I look up at the dentist who continues to stick a sharp vibrating tool of torture into my gums and I think that it isn’t really the most flattering of views. Not that it’s much better for him, but he chose his vocation whereas I in this situation, in need of a dental check up, have no other option but to look up his flared nostrils only to see a precarious green bat trying to flee the cave! I’m thinking the dentist is aware of this view and has clearly taken steps to ensure his nostrils are well groomed. The downside of this is that there are fewer barriers in the way to prevent the green bat fleeing the cave and landing on my face or worse, in my mouth!

The thought of this distresses me. I feel warm and I start to perspire. This is tense stuff. I know for a fact, that if my Mother in law was in this situation, she would stop proceedings and tell the dentist that he seriously needs to consider his nasal hygiene.
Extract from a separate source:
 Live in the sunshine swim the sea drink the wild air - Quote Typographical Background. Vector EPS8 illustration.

But I am not my mother in law and I am also mindful that to cause embarrassment to the dentist would cause more pain for me.

I keep quiet and as soon as he say’s all done and rinse I sit up with such a speed I get a bit of a head rush.
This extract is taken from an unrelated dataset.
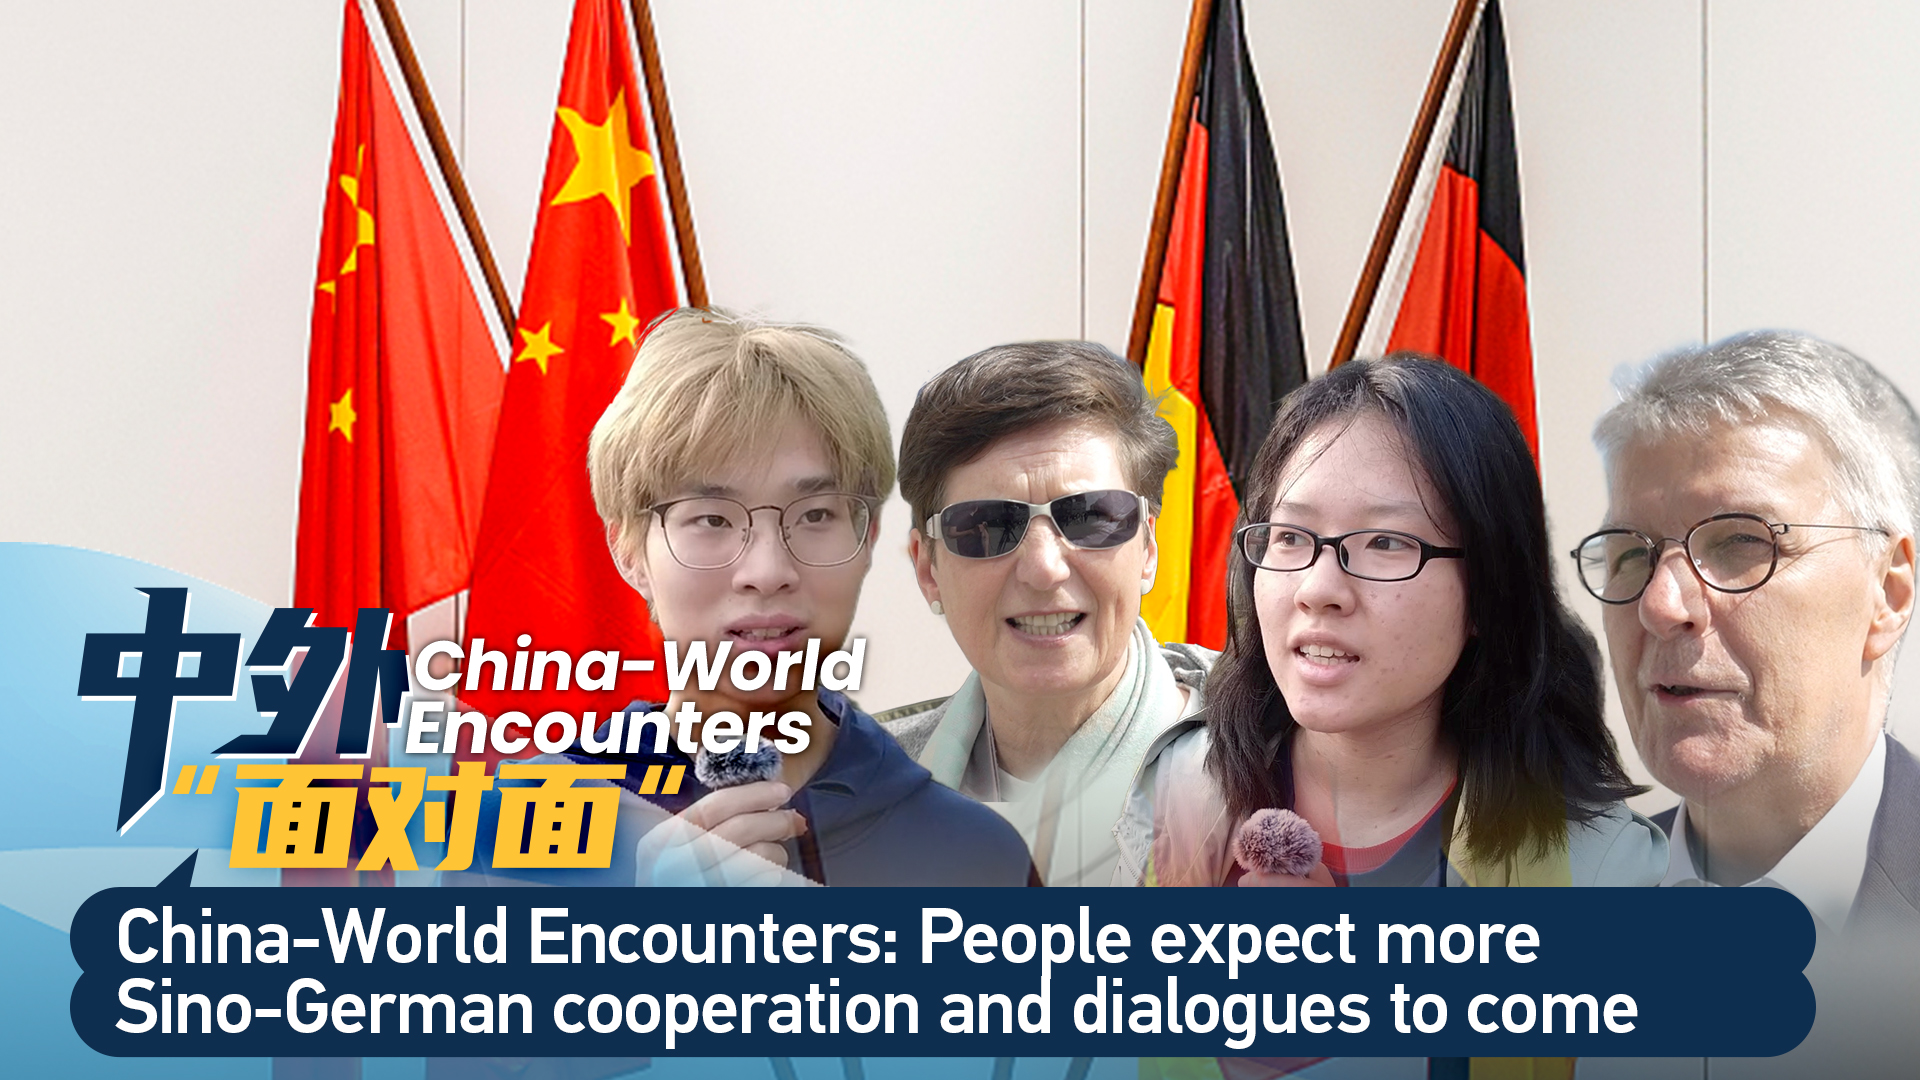 People expect more Sino-German cooperation and dialogues to come

Rinse, spit and notice how much blood there is.

Rinse, spit and notice that there’s still quite a bit of blood.

Rinse, spit and notice that there’s still a fair bit of blood but I’ve ran out of the mouthwash stuff.

Wipe of the mouth with the little tissue the Suctionator gave me.

My dentist likes to listen to the radio whilst drawing blood and causing pain. Who would have thought that the twee commentary and Middle England sounds of Radio 2 would be the station of choice? The sounds of Will Young blaring out of the little radio accompanied by the backing vocals of the victim / patient whimpering in time to the music depending on the rhythm and well timed jab of the dentist’s sharp tool.

I would have thought that Cradle of Filth or Slayer would have been more appropriate. Maybe he switches to a different station more appropriate for wisdom tooth removal. A bit of Slayer’s, Show No Mercy!

Today whilst the clean was on-going, radio 2 came up trumps and played the 80’s classic, King of Wishful Thinking by Go West. It was just coming to a close as I was rinsing and spitting. I didn’t know what came over me but I turned into Alan Partridge. “Classic Go West!” I said rather excitedly. I then really hoped that they would get the reference. Please get the reference, I thought. But for a few seconds, there was silence. The dental nurse looked at me like I was a nutcase. She’s too young to know Partridge, besides she’ll have left by the time I come back.

But my dentist who I don’t think is that much older than me also sat there just looking as if to say, “What was that all about?”

So in an awkward silence I just sat there. An awkward slightly bloody smile on my face. It was only perhaps three or four seconds of nothing, but it seemed like minutes.

The dentist broke the silence.

“See you in another six months then.”